Security


Terrorism: Iraq suspect arrested in northern Italy




Venice, 1 Oct. (AKI) - Italian police have arrested an Iraqi man on suspicion of plotting a terrorist attack on US military bases in Iraq. Saber Fadhi Hussien, was detained near Venice last Friday during an early morning raid, Carabinieri paramilitary police said.

Hussien, a former member of late Iraqi leader Saddam Hussein's disbanded Baath Party, is allegedly the head of an al-Qaeda cell. He was arrested at the airport as he was boarding a plane bound for Damascus, via the Romanian capital, Bucharest.

The cell was allegedly planning attacks using suicide bombers, anti-tank weapons and ultra-light helicopters, according to investigators. They said Hussien was intending to travel to Syria and meet a contact for al-Qaeda in Iraq.

Police said he had been in touch with aides of the group's founder, the late Abu Musab al-Zarqawi, killed last year in Iraq by a US airstrike.

The ultra-light helicopters can fly low enough to avoid radar and could transport up to 250 kilogrammes of explosives.
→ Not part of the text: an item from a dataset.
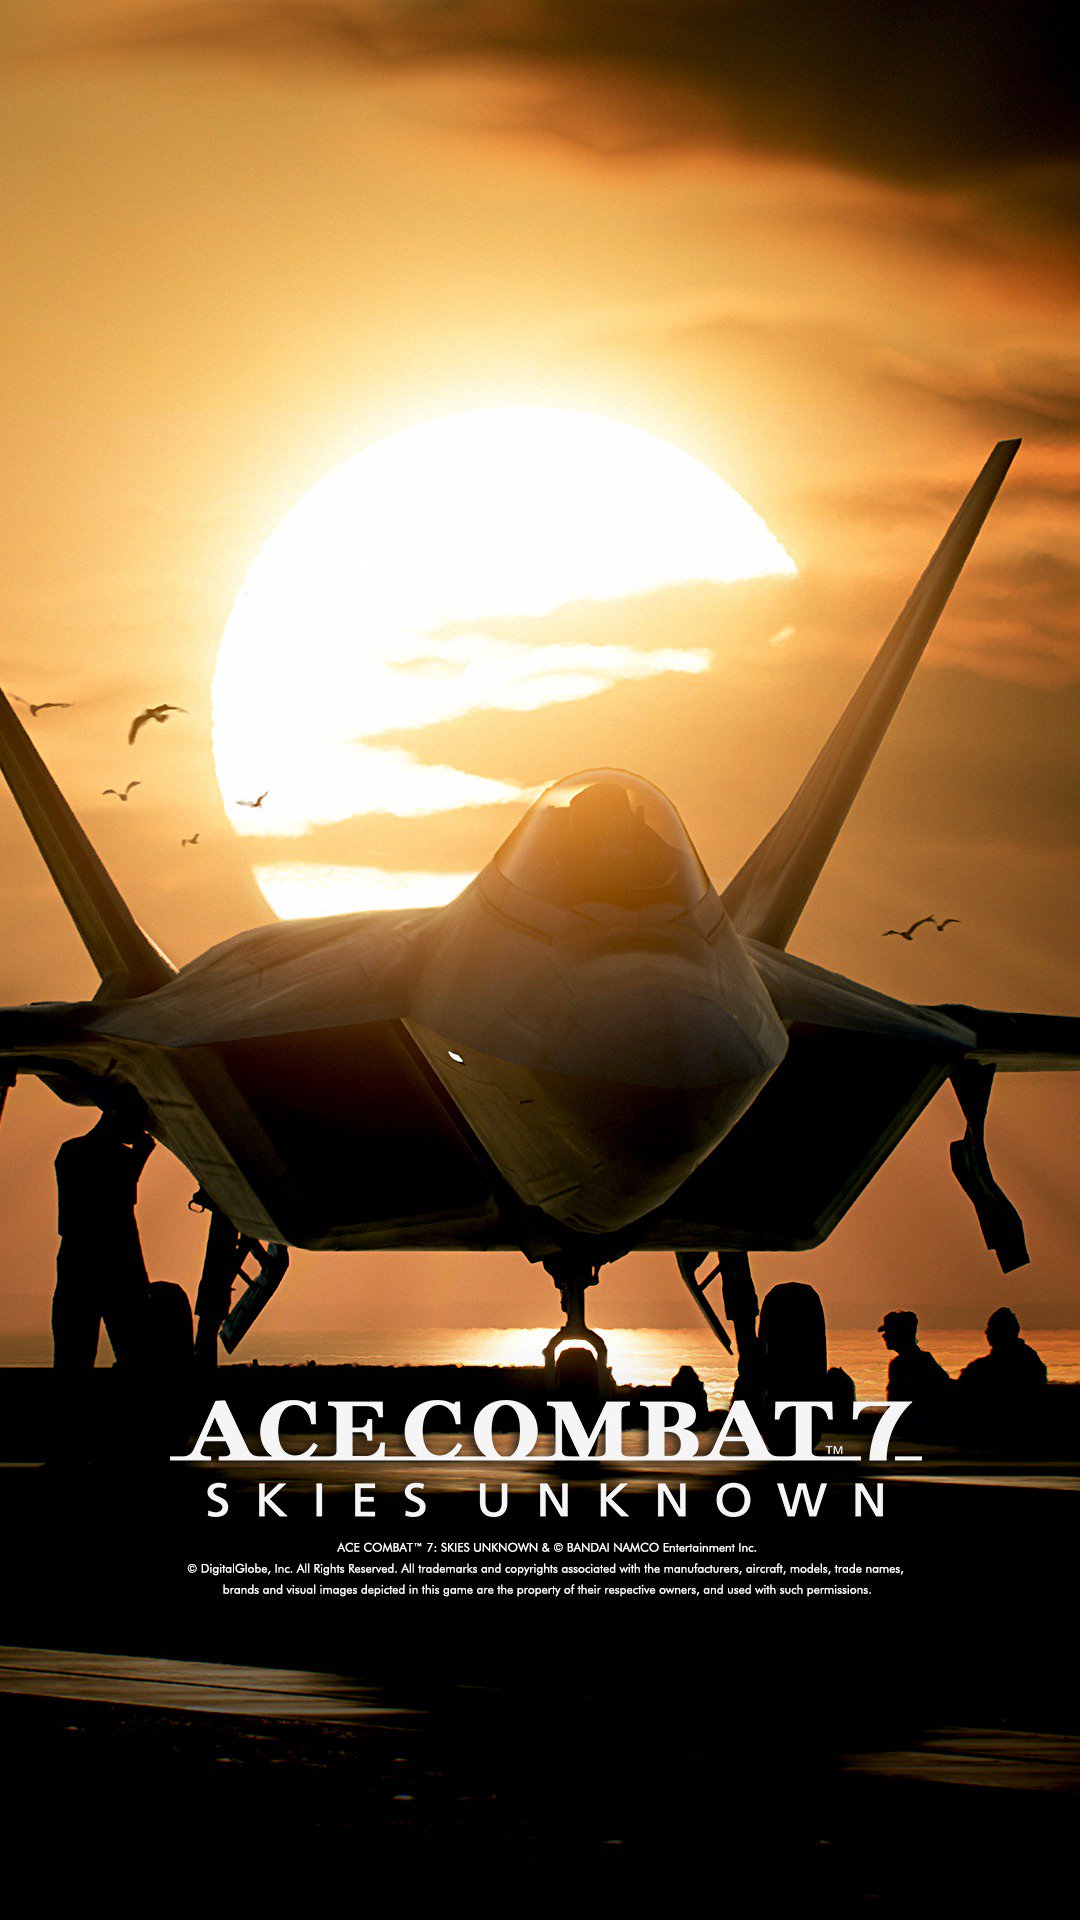 Ace Combat Fan Happypilot98 Project Aces First Thing I Thought When I Saw The Pic Twitter

It is believed to be the first time terrorist groups in Iraq have considered using light aircraft to overcome the tight security surrounding international forces in the country.

Hussien was also alleged to be planning a strike against a Sunni tribe in western al-Anbar province because it has turned against al-Qaeda in Iraq.

Venice prosecutors have been probing Hussien since the end of 2006. He has an elegant apartment in the centre of Padua, where he and his family ran a pizza and kebab shop. He has lived in Italy for 25 years.

Prosecutors said Hussien had been providing logistical support for an al-Qaeda cell in Iraq for some time, sending around 4,200 euros a month to Iraq for the purchase of weapons and to recruit suicide bombers.

The mild-mannered soft-spoken Iraqi regularly attended Islamic centres in Padua and Venice. Evidence uncovered against him include tapped phone conversations and a photo found at his home showing Hussien posing between two armed Kalashnikov-touting militants apparently taken in the Syrian or Iraqi desert.

The judge who ordered Hussein's arrest also ordered searches of the homes of three other Iraqis in the Venice area. The searches turned up maps and other documents, but there was not enough evidence to arrest the three, police said.

The police searches also turned up the names of Hussien's contacts in Iraq, which they said would be relayed to Iraqi police and US authorities.